Daha sonra Kuzey Kore
konusuna odaklanan John Kerry, Kuzey Kore konusunda kendilerinin de görevdeyken
bazı girişimlerinin olduğunu, ancak Trump yönetiminin nükleer silahları olan
Kuzey Kore’ye yönelik uyguladığı yaptırımların halen daha nükleer silahı
olmayan İran’a yönelik yaptırımlardan daha az olduğuna dikkat çekmektedir. Başkan
Obama’nın görev teslimi sırasında Donald Trump’a Kuzey Kore Sorunu’nun kendisini
en çok uğraştıracak konu olacağını söylediğini hatırlatan Kerry, kendilerinin
de Trump yönetimine Pyongyang rejimi üzerindeki baskıların ve yaptırımların arttırılmasını
tavsiye ettiklerini sözlerine eklemektedir.

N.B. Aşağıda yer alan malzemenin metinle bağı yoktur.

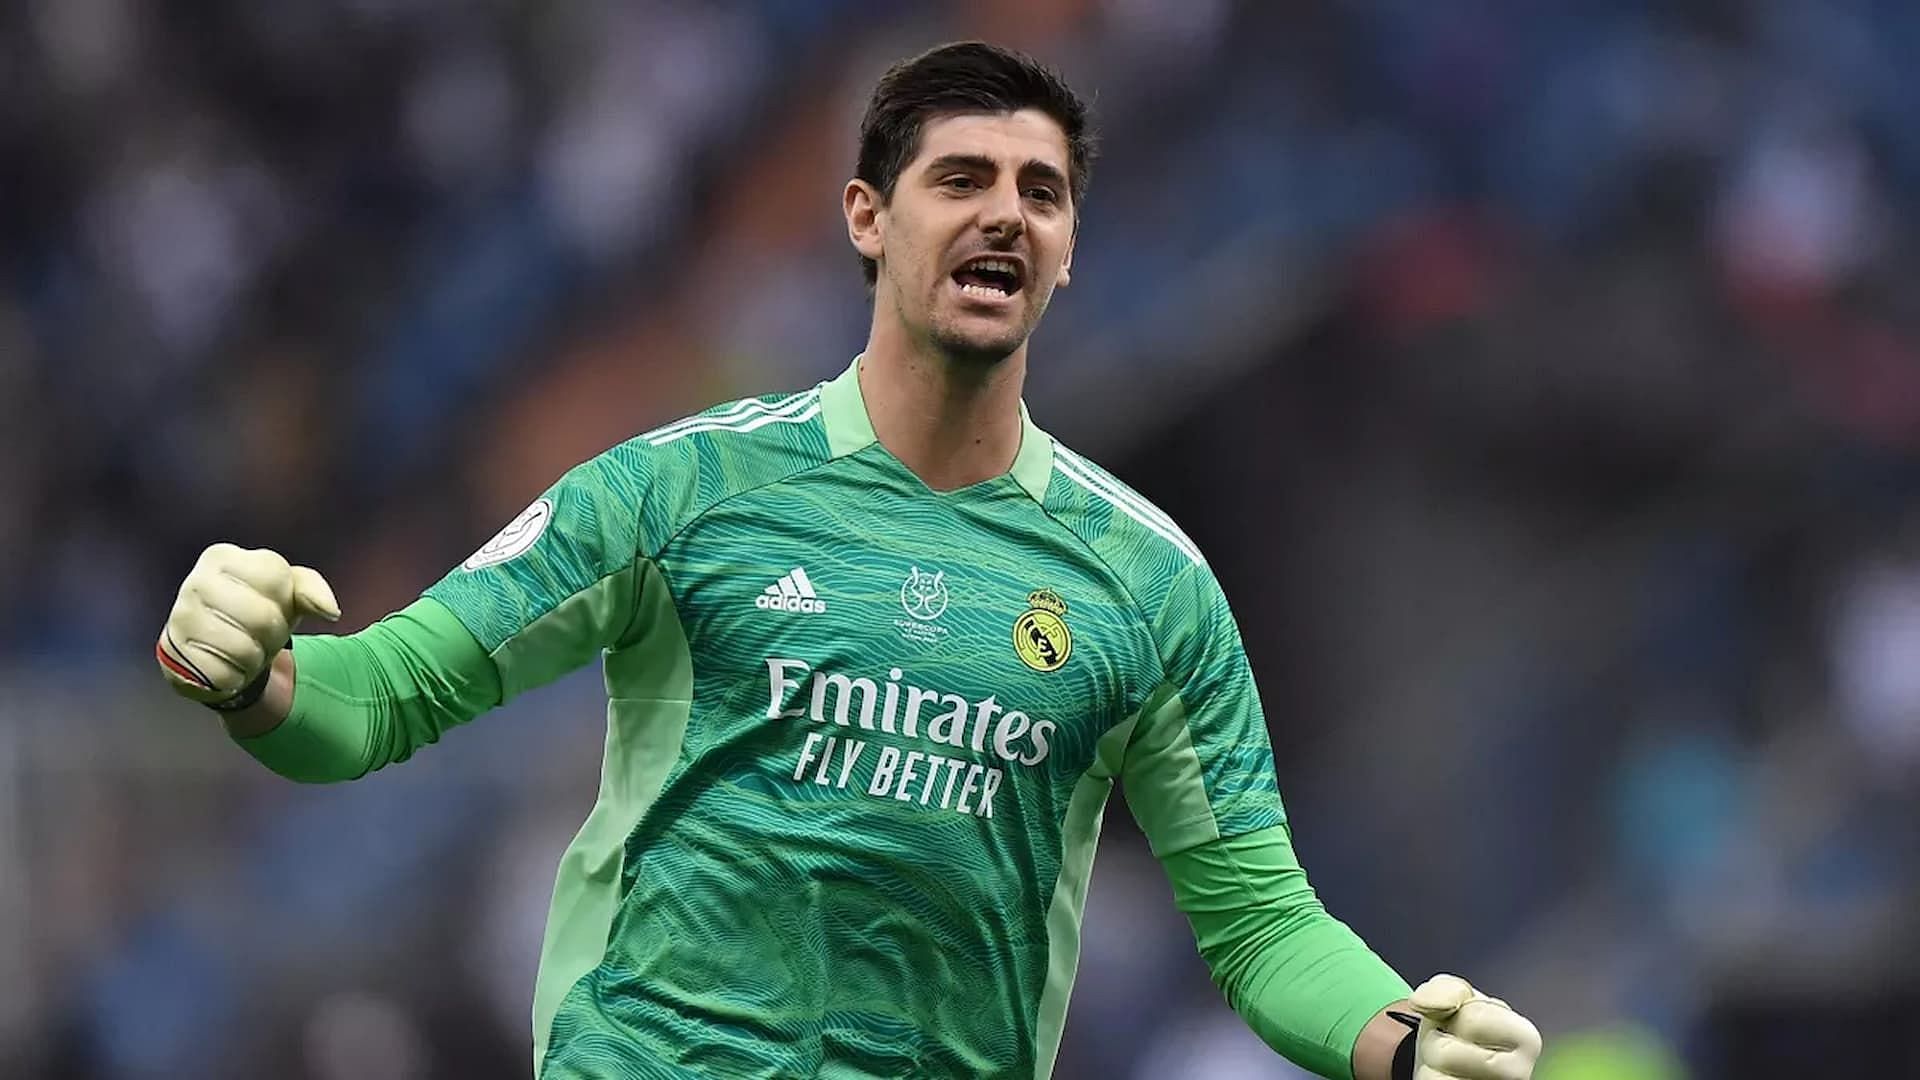 Thibaut Courtois at Real Madrid (Image via Getty)

Konuşmasının son bölümünde
2004 Başkanlık kampanyası döneminde yaşananları anlatan John Kerry, bazı ilginç
anekdot ve anılarla konuşmasını tamamlamaktadır. John Kerry’nin konuşmasının
bir ders değilse bile çok önemli mesaj ve bilgiler içeren faydalı bir yayın
olduğu söylenebilir. Kerry’nin kilit mesajları ise şöyle sıralanabilir: İran’la
nükleer anlaşmaya devam edilmesi, Paris İklim Anlaşması’nın imzalanması ve
diplomatik görüşmeler daha da ilerletilmeden Kuzey Kore konusunda baskı ve
yaptırımların arttırılması. Suriye konusunda ise, Kerry, açıkça söylemese bile fırsatın
kaçırılmış olduğunu düşündüğüne dair bir intiba bırakmaktadır. Kerry’nin
görüşleri kendi içerisinde tutarlı ve inandırıcı olmasına rağmen, kendi görevde
olduğu süreçte yaşanan Mısır’daki darbe yönetimine verilen destek, Türkiye gibi
önemli bir müttefiğin kaybedilme noktasına gelinmesi ve ABD’nin Filistin Sorunu’nun
çözümü konusunda İsrail yönetimi üzerinde barışı teşvik etmek bağlamında hiçbir
şekilde etkili olamaması gibi konuların Amerikan dış politikasının son
yıllardaki zaafları olarak görüldüğü ve bu zaafları Kerry’nin de gideremediğini
belirtmek bu noktada yerinde olacaktır.